11 thoughts on “What To Do With Frozen Embryos?

  1. embryo adoption

    i’ve had several friends consider this for down the road if they have fertility issues.  it’s a lot cheaper than going through the process of creating your own embryo, and if my friend is correct it’s even more inexpensive than adoption.

    one woman i know really wants the pregnancy experience even if the child is not biologically hers.  but overall i don’t know how popular embryo adoption is.

    • Wow

      Thanks to all of you for sharing.  And Cecily I found your blog really interesting, thought provoking, and well written.  I’ll have to start reading :-)

    • I enjoyed reading your blog post

      and I enjoyed reading the comments as well.  I appreciate you explaining the thought process behind your donation, as well as the range of emotions that came with it and around the decision.

      And, slightly OT, your daughter has similarities to my older daughter, who also likes to come in to the bedroom at ungodly morning hours and sing, act, dance (and do kung fu)!

    • Thank you

      for donating your embryos.  You have opened a door of hope for people with Alzheimer’s and Parkinson’s.  I think you are a hero.

  2. A more difficult decision than I’d anticipated

    I’ve always been a committed pro-choice person.  But I have to admit that from the first time I saw the ultrasound with the little pulsating dot that became my son — who we had through IVF — I’ve had to admit that while I still believe that a blastocyst is not a live human being deserving of the same consideration as the rest of us, it’s something.  It’s not nothing.

    I’m still pro-choice, and god help any legislator who tried to take this decision away from my wife and me, but when it came time to decide whether to renew our embryo storage contract after we’d decided we didn’t want any more children, we had to take a few days to think about it.  I even slept on the idea of donating the embryoes to other couples who weren’t as lucky as we were.

    Ultimately, I couldn’t bear the thought of helping to actually  bring into the world children that I wouldn’t raise, love, and be responsible for.
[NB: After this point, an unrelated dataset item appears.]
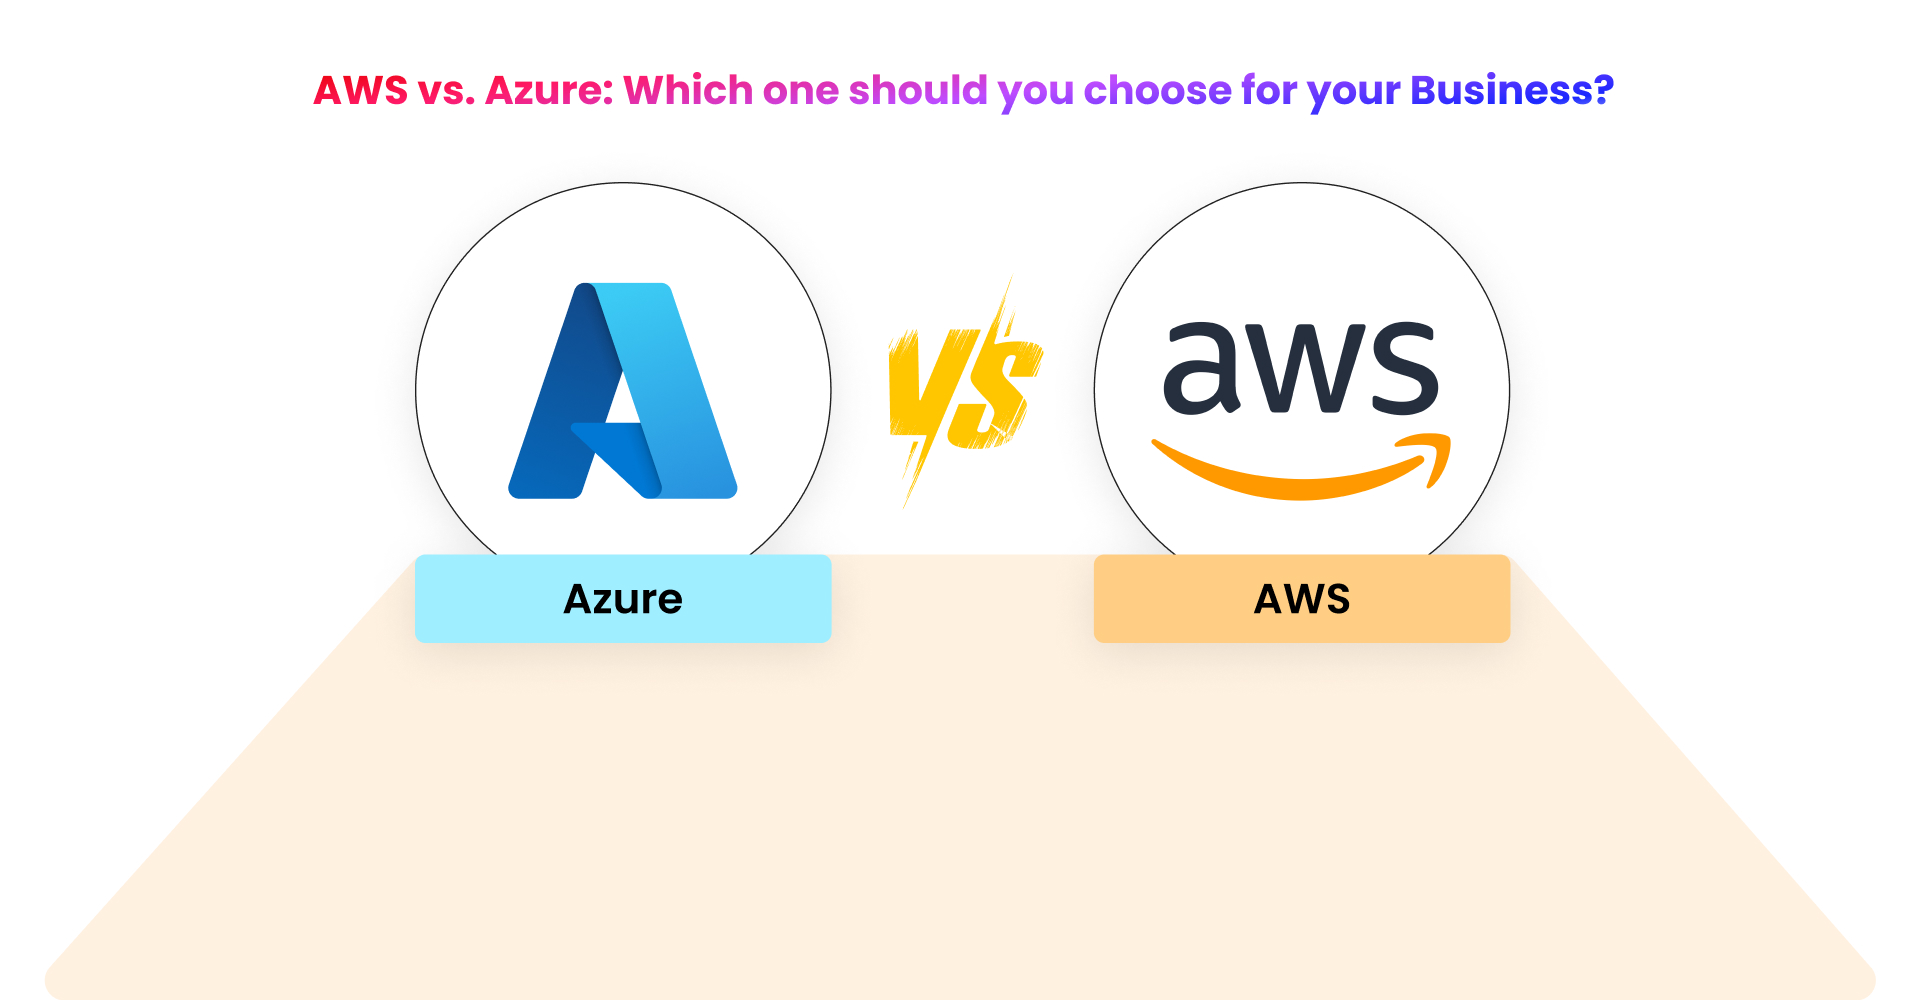 AWS vs. Azure: Which one should you choose for your Business?

We chose to donate the embryoes for whatever research purposes were appropriate.

    I still feel a twinge thinking about it, and though I know we did the right thing, I still think about that pulsating dot and know that it wasn’t just turning off a light.  

    • Thanks for sharing

      your feelings.  It is great to have your perspective.  I also think that you have given a gift to the wider world by allowing your embryos to be used for research.  As scientists get closer to a cure for diabetes or Parkinson’s, etc., you should feel that you and your wife were a part of that effort.  Thank you.
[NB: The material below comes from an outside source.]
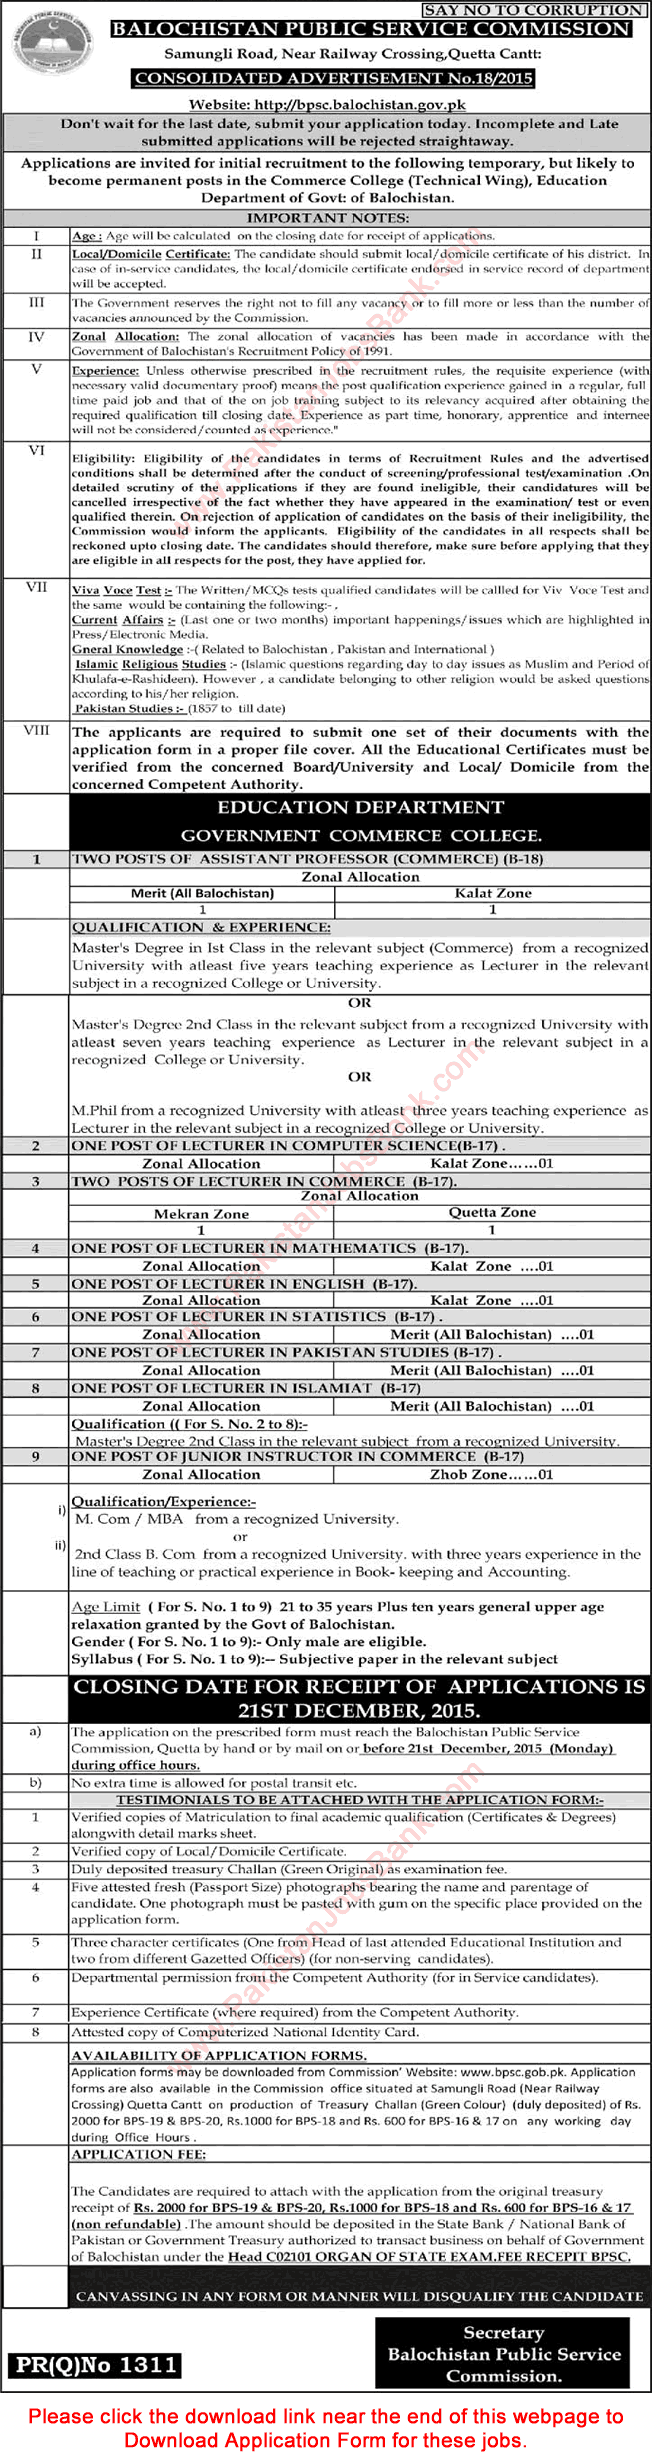 Balochistan Public Service Commission Jobs 2015 November BPSC Application Form Consolidated Advertisement No. 18/2015

      In my mind, there is a difference between the embryo in the Petri dish and the same embryo implanted in the uterus.  Since as many as half of all fertilized eggs fail to implant, I don’t feel that the embryo itself has special status.  Of course, that is easy to say as a woman who has never had an unintended pregnancy and quickly conceived and carried to term when I was ready to become pregnant.  It is pretty easy to have clinical detachment when biology and fate have treated you gently.

  3. No leftovers

    My partner and I did IVF, but we didn’t have enough viable embryos left over (from either of our two attempts) to freeze any. Just a caution that it sometimes turns out that way.

  4. donate

    The clinic that we went to has their clients make these decisions before they start treatment.  The paperwork outlined what would happened in the event we died, split up, had left over embryos after we were done, etc.    In all cases, we choose to donate to research.  Like simonpaul we couldn’t bear the thought of someone else raising a child that was biologically ours.  To us discarding seemed wasteful when some good could come from the research.

    In the end though… we didn’t have any embryos left.

    • Too bad

      all clinics don’t do this.  It sounds like you were dealing with a really good clinic that put a lot of thought into the entire process.